## What is being asked
Retype, exactly and with both ends included, the lines below from the one containing "Latham. Plane flying. Stock Photo" through the end; omit the pictures.

## Available data
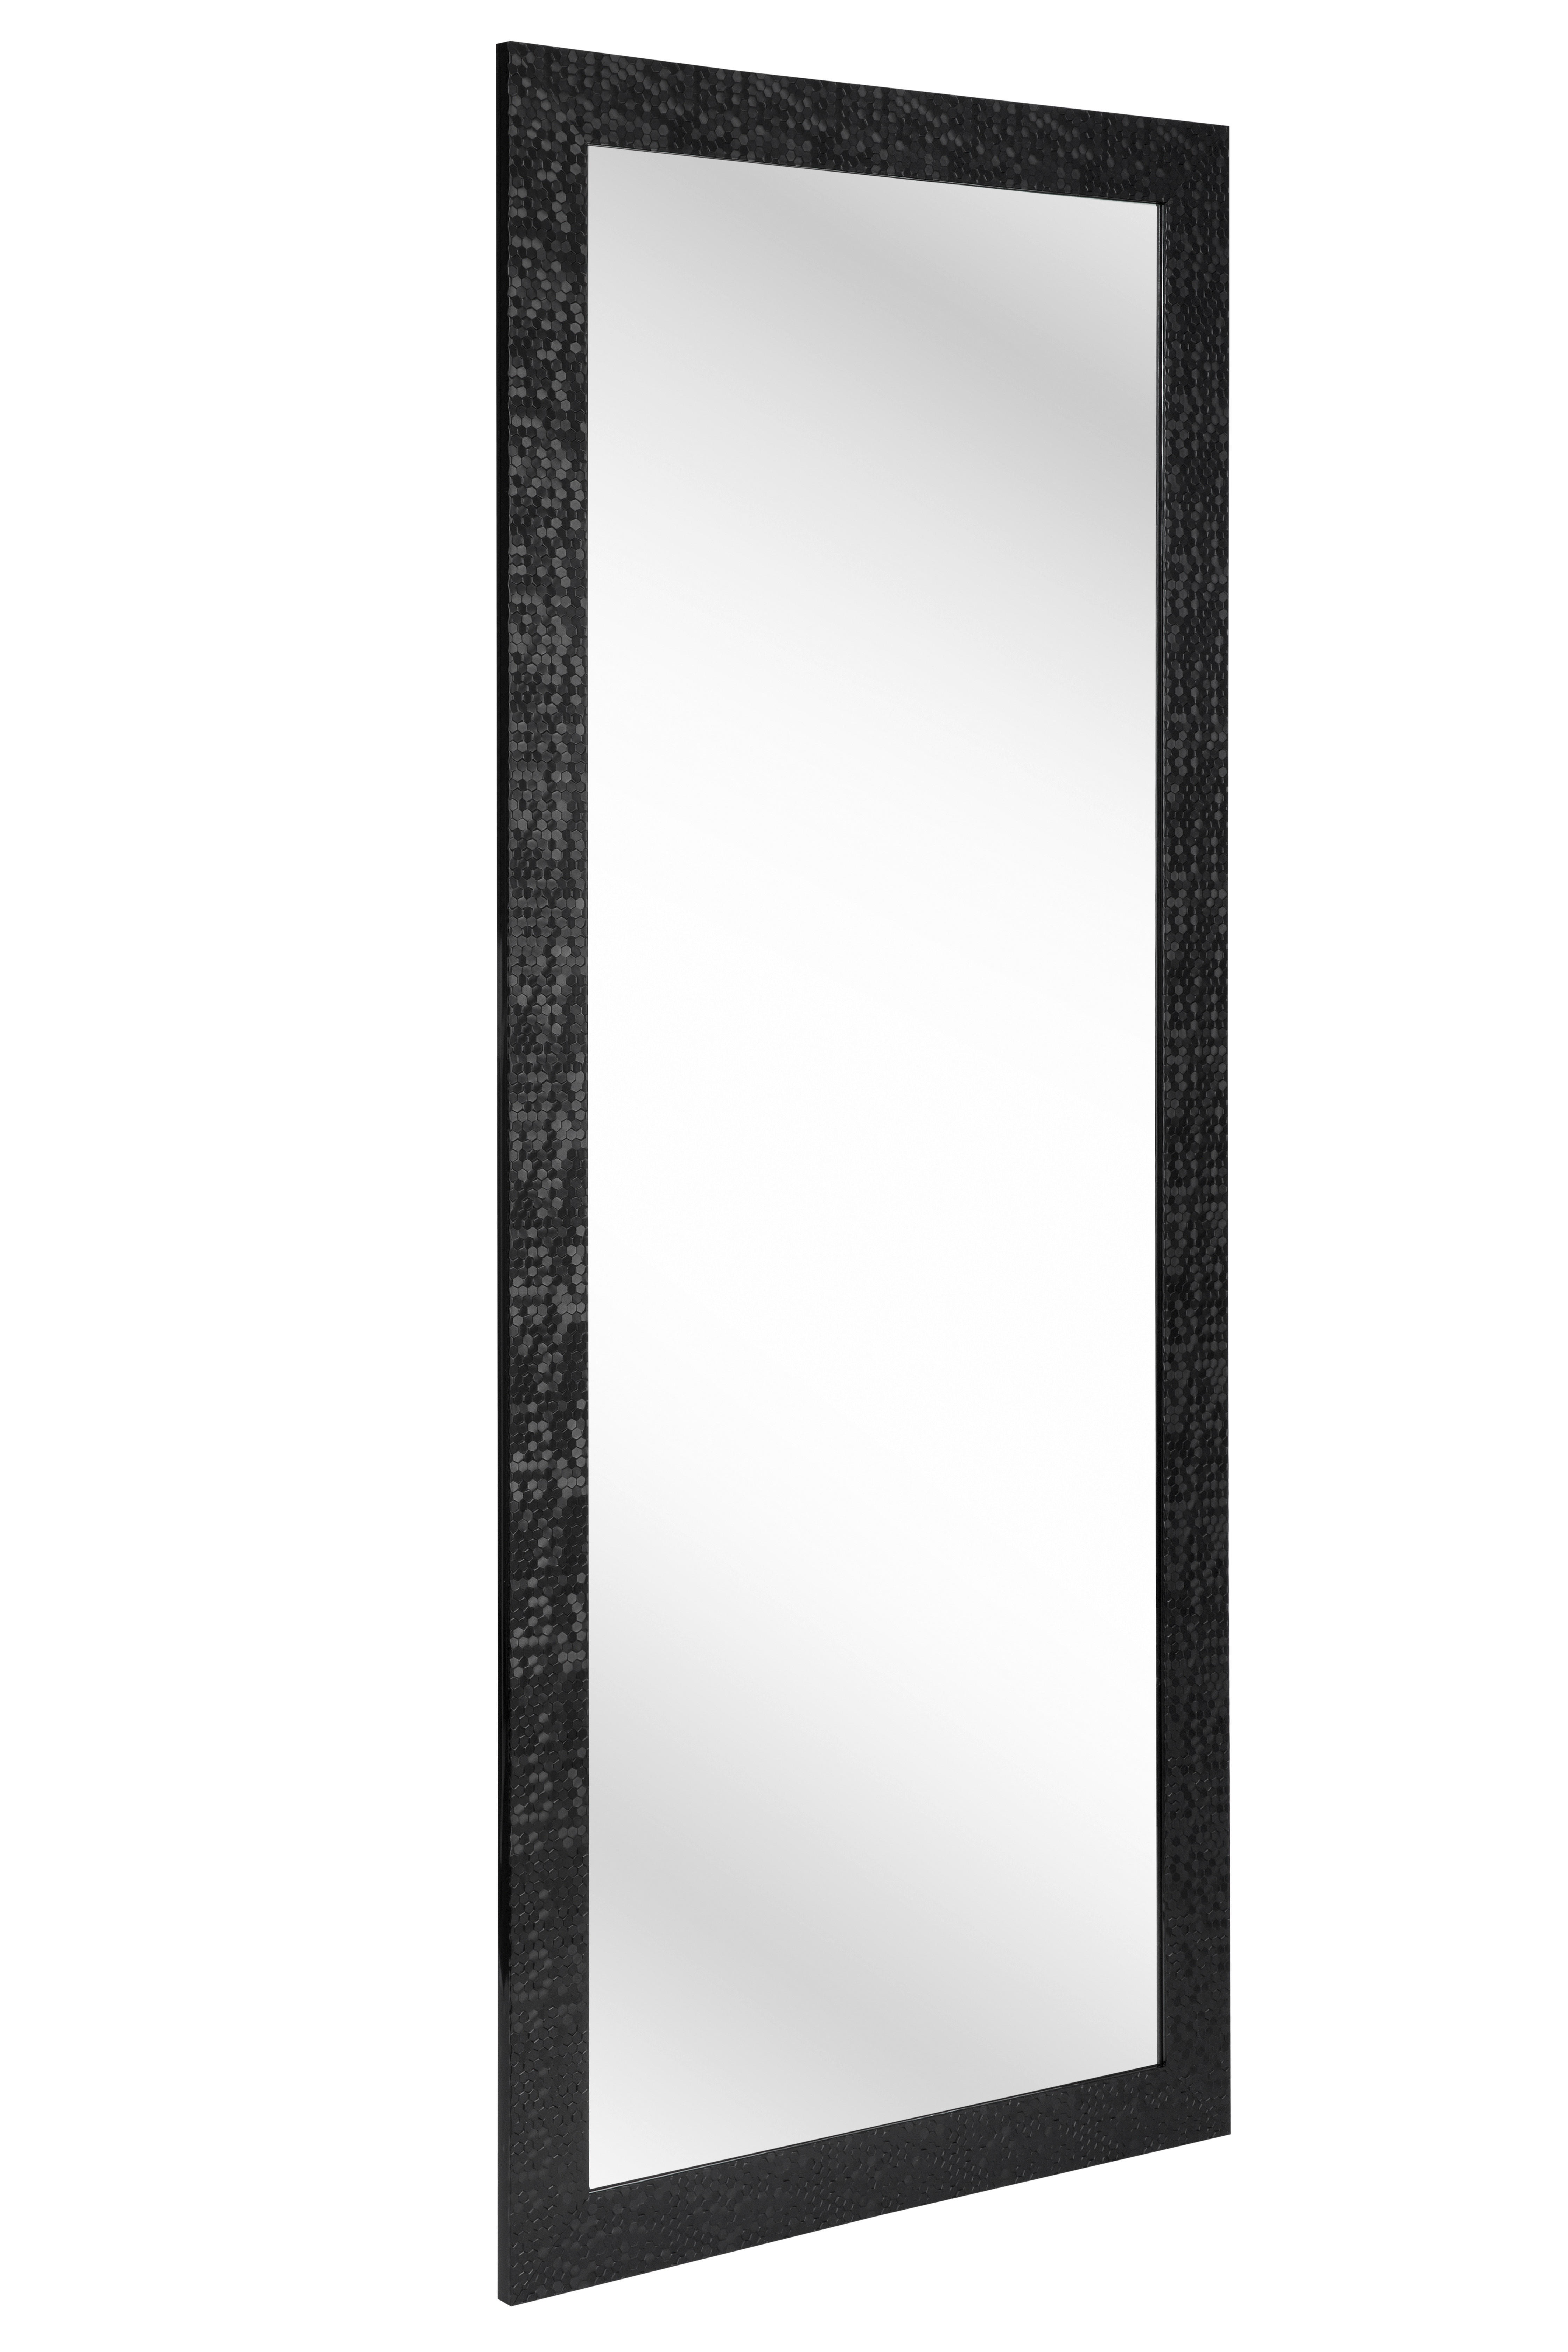 WANDSPIEGEL Schwarz  - Schwarz, LIFESTYLE, Glas/Kunststoff (70/170/2cm) - Carryhome
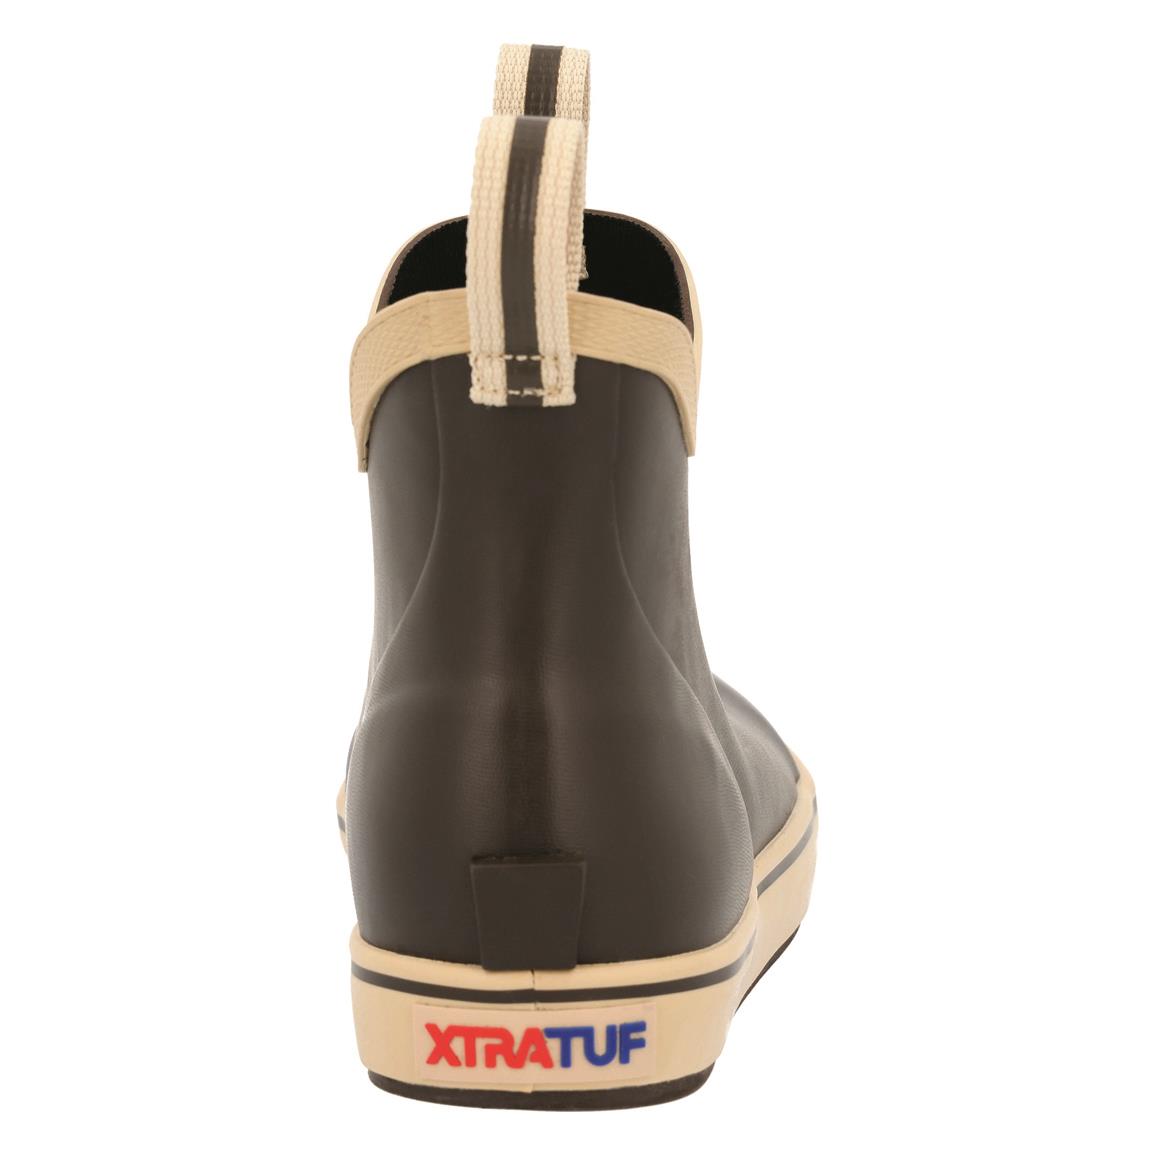 Xtratuf Boots | Sportsman's Guide
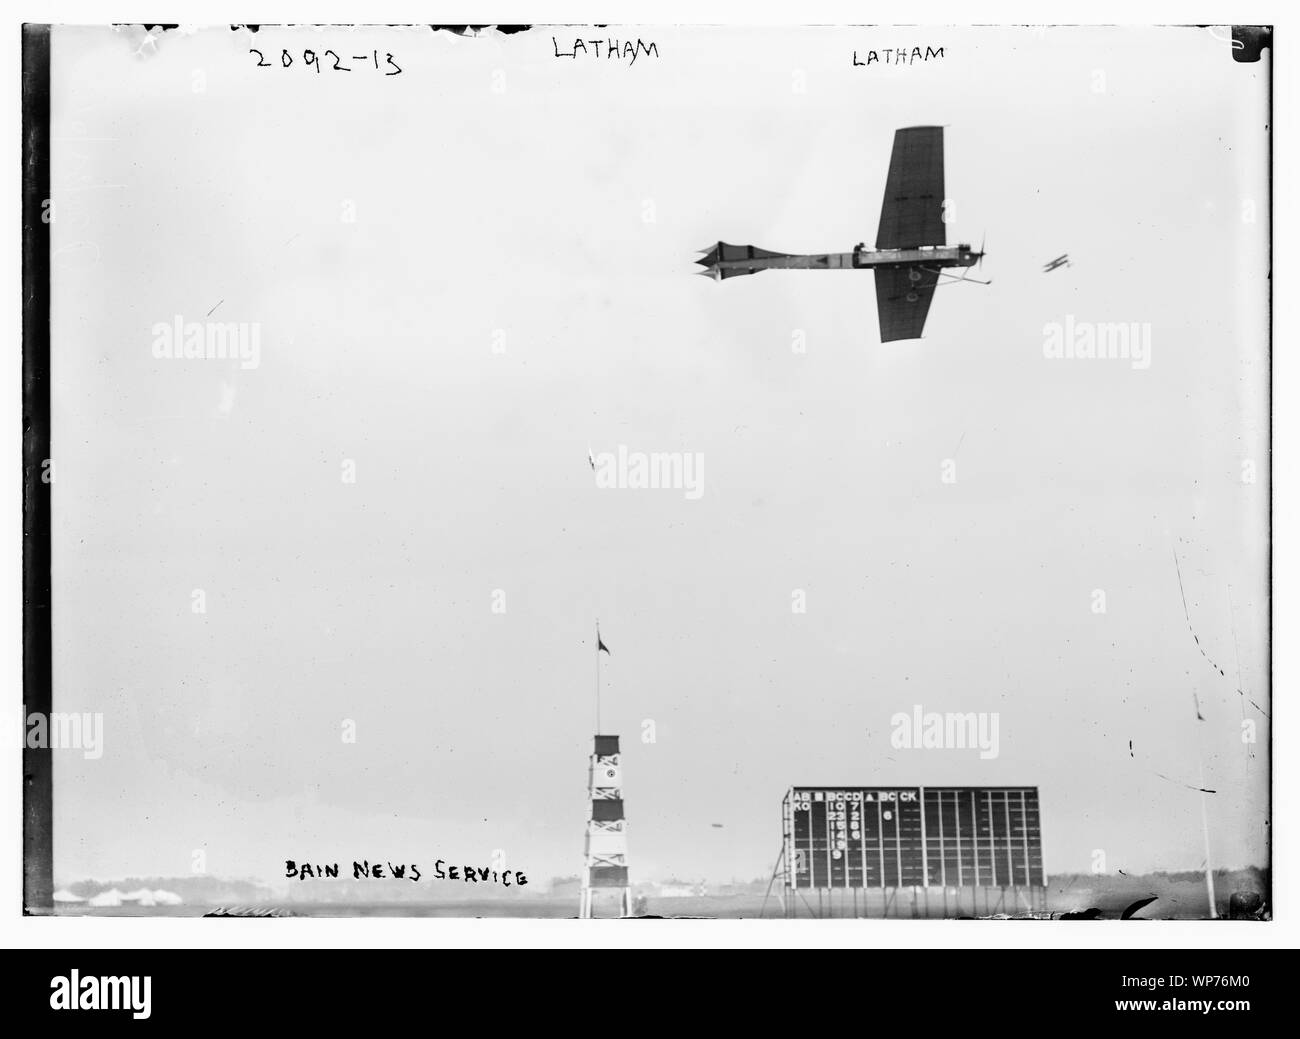 Latham. Plane flying. Stock Photo
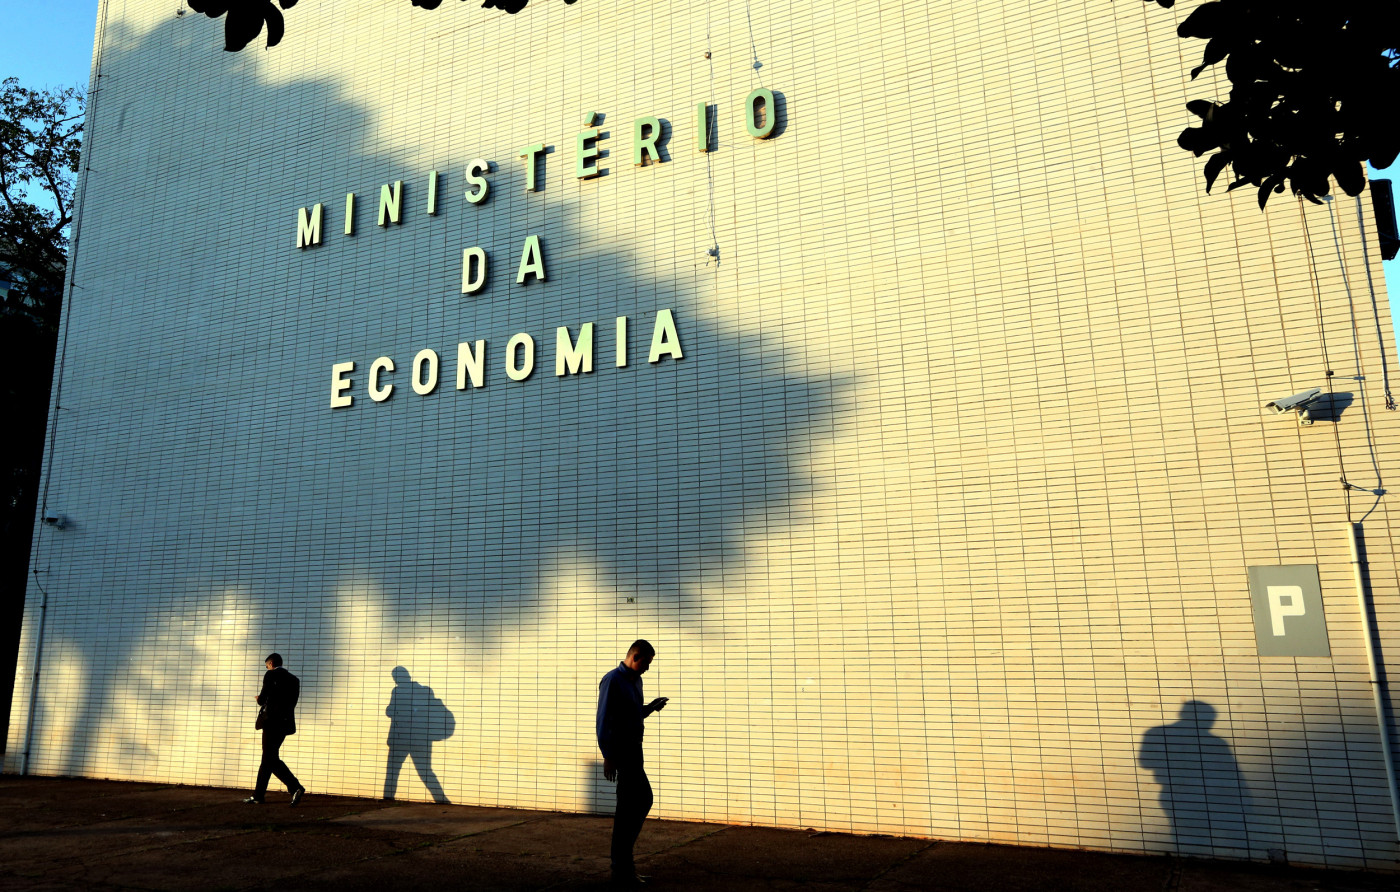 Ministério da Economia: Inscrições para vagas temporárias vão até 02/09

## Answer
 Latham. Plane flying. Stock Photo
 Ministério da Economia: Inscrições para vagas temporárias vão até 02/09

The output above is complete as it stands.